Nun ist über die Anbiederung der Kirchenoberen an Merkels Politik der offenen Grenzen und Masseneinwanderung schon einiges geschrieben worden. Von der Asylindustrie, die den beiden christlichen Kirchen neuen Aufschwung und Arbeitsplätze verschafft über die „Käßmannisierung der Politik“ (Klaus Schroeder) bis hin zu Unerträglichkeiten.
Hier toppt Kardinal Rainer Maria Woelki auf der nach allen Seiten offenen Dichterskala jeden Gutmenschen. Selbst Bischofskollegen sind über Woelkis Flüchtlingsaussagen „not amused“. Amüsant sind seine Aussagen allerdings schon. Zuletzt meinte Woelki zum Flüchtlingspakt zwischen der EU und der Türkei, es sei
eine Schande für Europa, dass wir mit einem solchen Land solche Abkommen schließen, damit wir hier augenscheinlich weiter in einer geschlossenen Gesellschaft unserem Wohlstand frönen können.

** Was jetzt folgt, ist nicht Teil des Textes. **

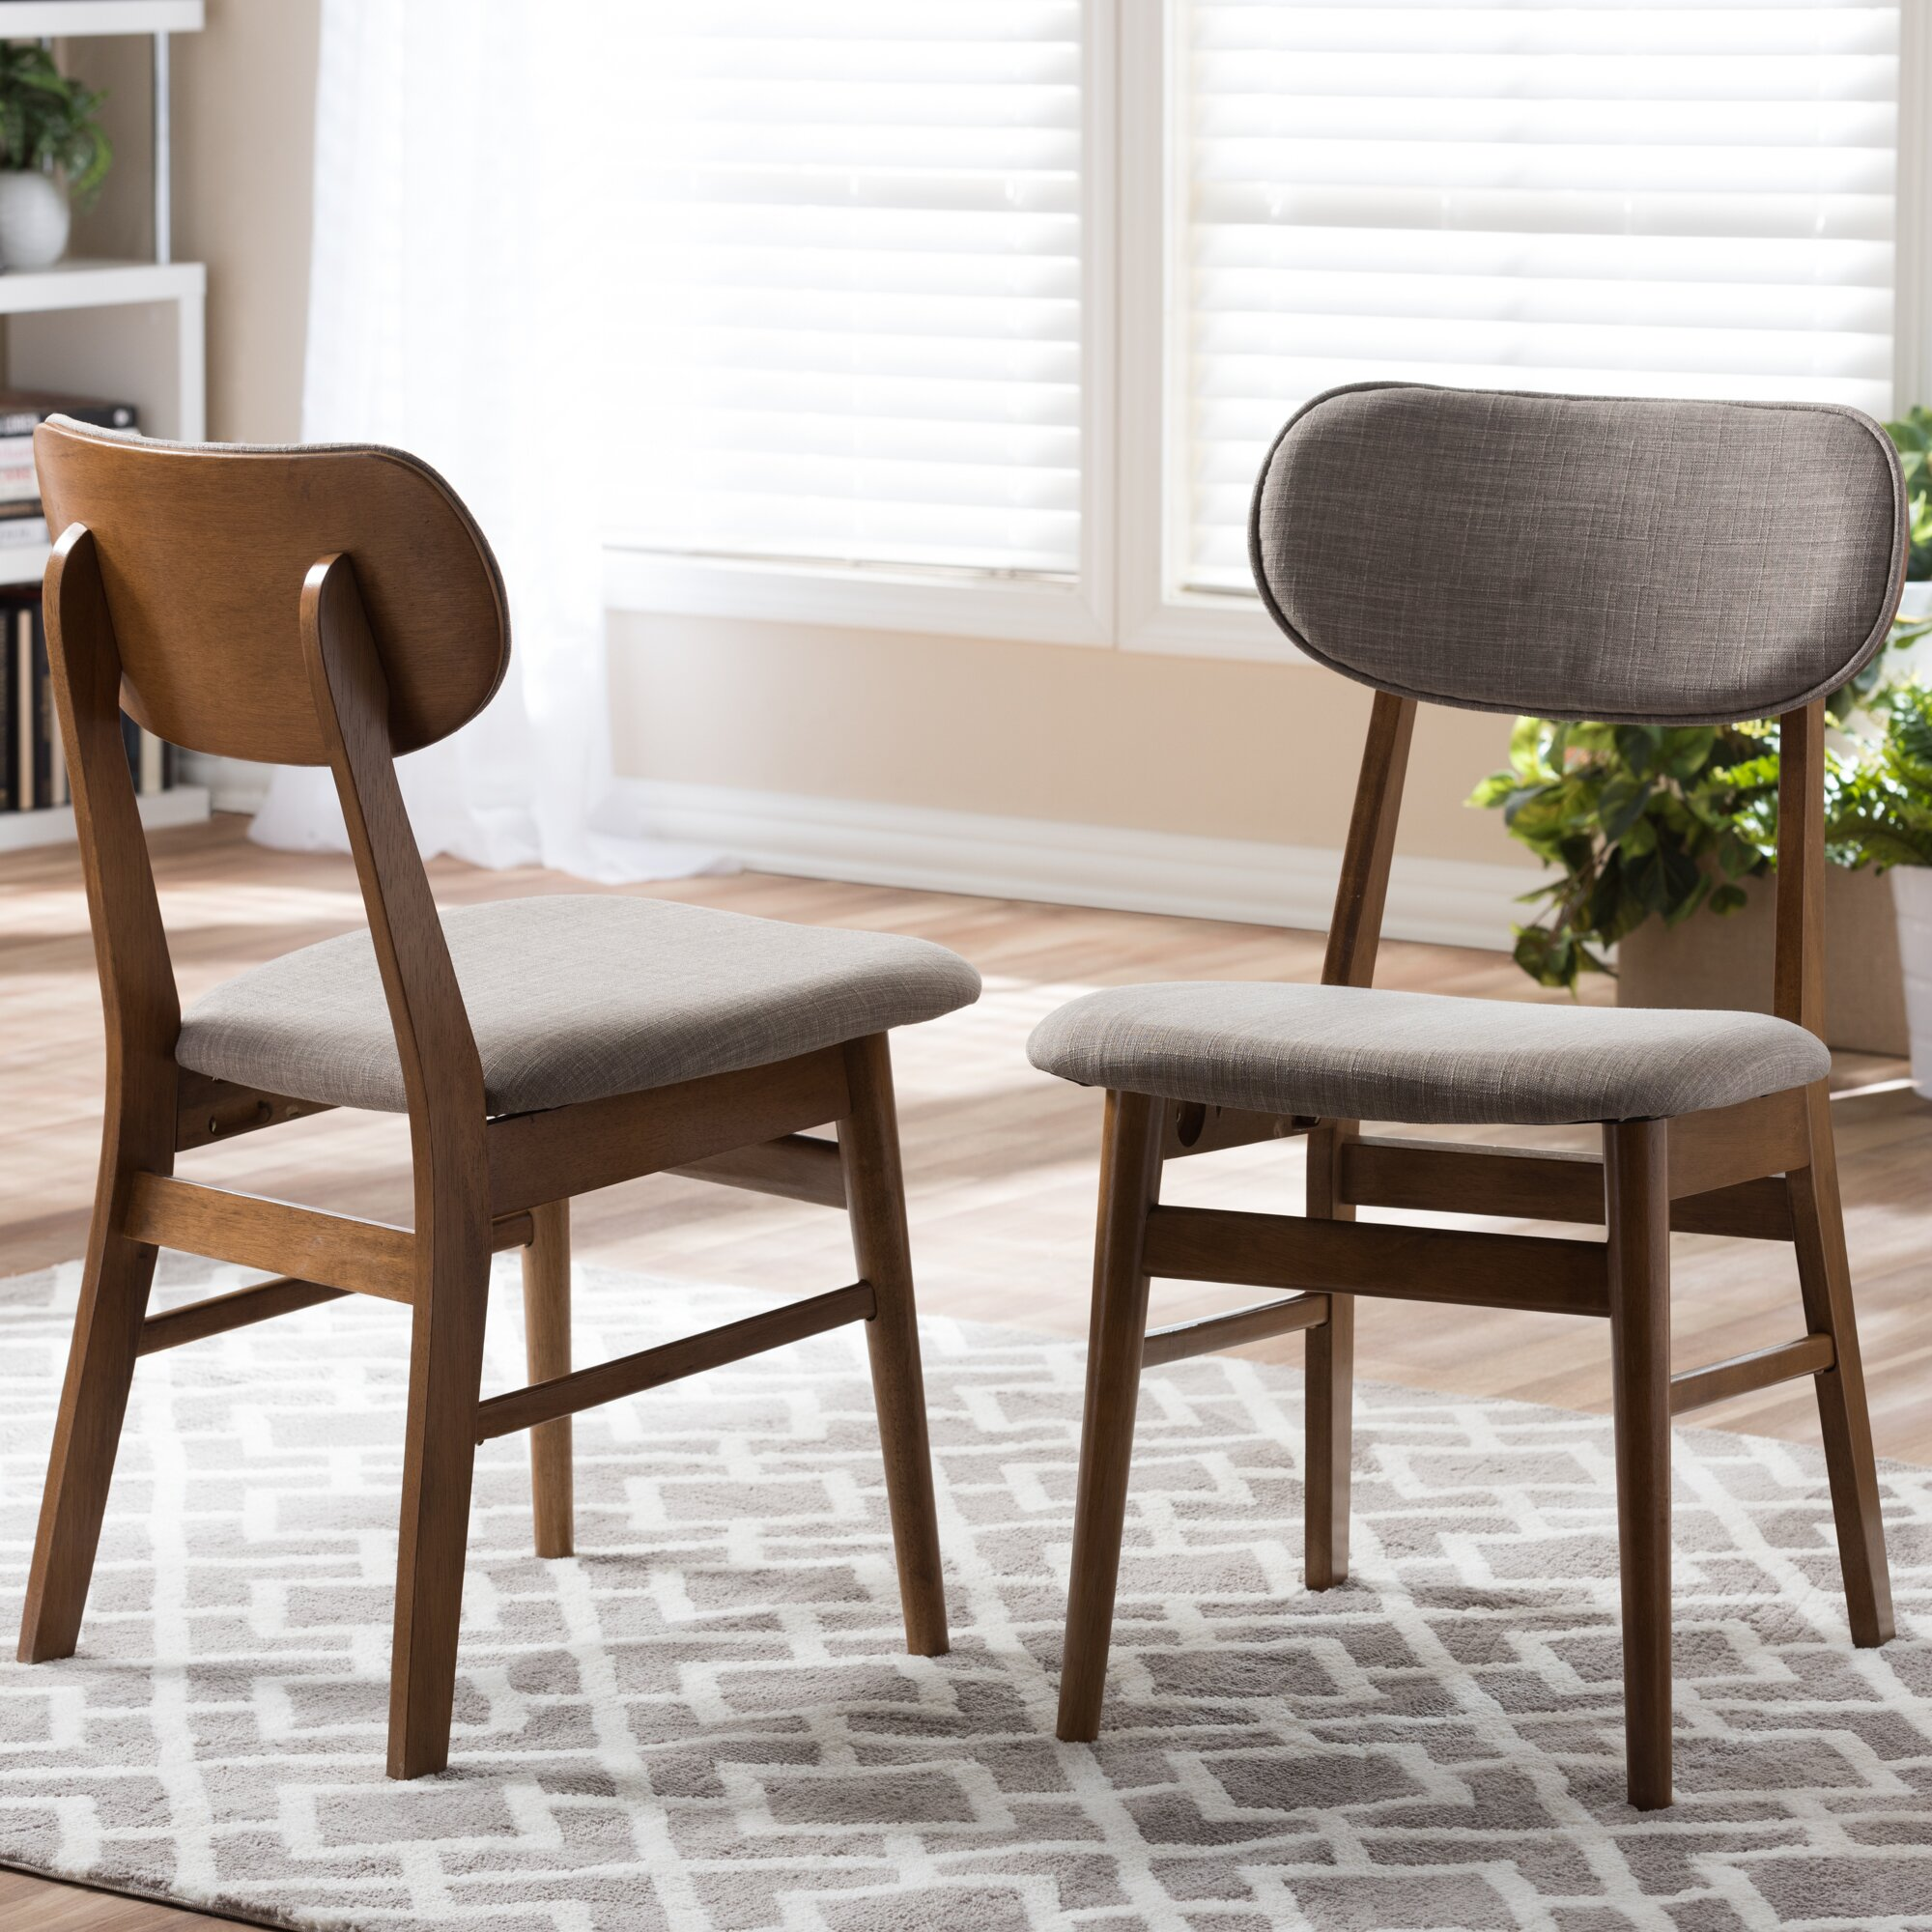 Cheap Wood Dining Chairs: Wholesale Interiors Baxton Studio Sacramento Side Chair

Eine Politik zu loben, die die Zahlen der Migranten senkt um den Preis, dass diese in Lagern an der afrikanischen Küste in Hotspots unter unmenschlichen Bedingungen festgehalten werden, kann nur als zynisch bezeichnet werden.
Nun müssen die deutschen Bischöfe nicht in ihren geschlossenen Gesellschaften dem Wohlstand frönen, sie könnten ihre fürstlichen Bleiben jederzeit den Ausgegrenzten aller Länder öffnen. Der sogenannte kleine Mann wird wahrscheinlich seinen hart erarbeiteten Wohlstand lieber mit der eigenen Sippe teilen und darüber bestimmen wollen, wer und wie viele daran teilhaben. Denn er spürt in des Wortes wahrstem Sinne: Die direkte Umsetzung der „Wohlstandsfrönerei“ in eine weltweite Politik dürfte bald an ihre Grenzen stoßen.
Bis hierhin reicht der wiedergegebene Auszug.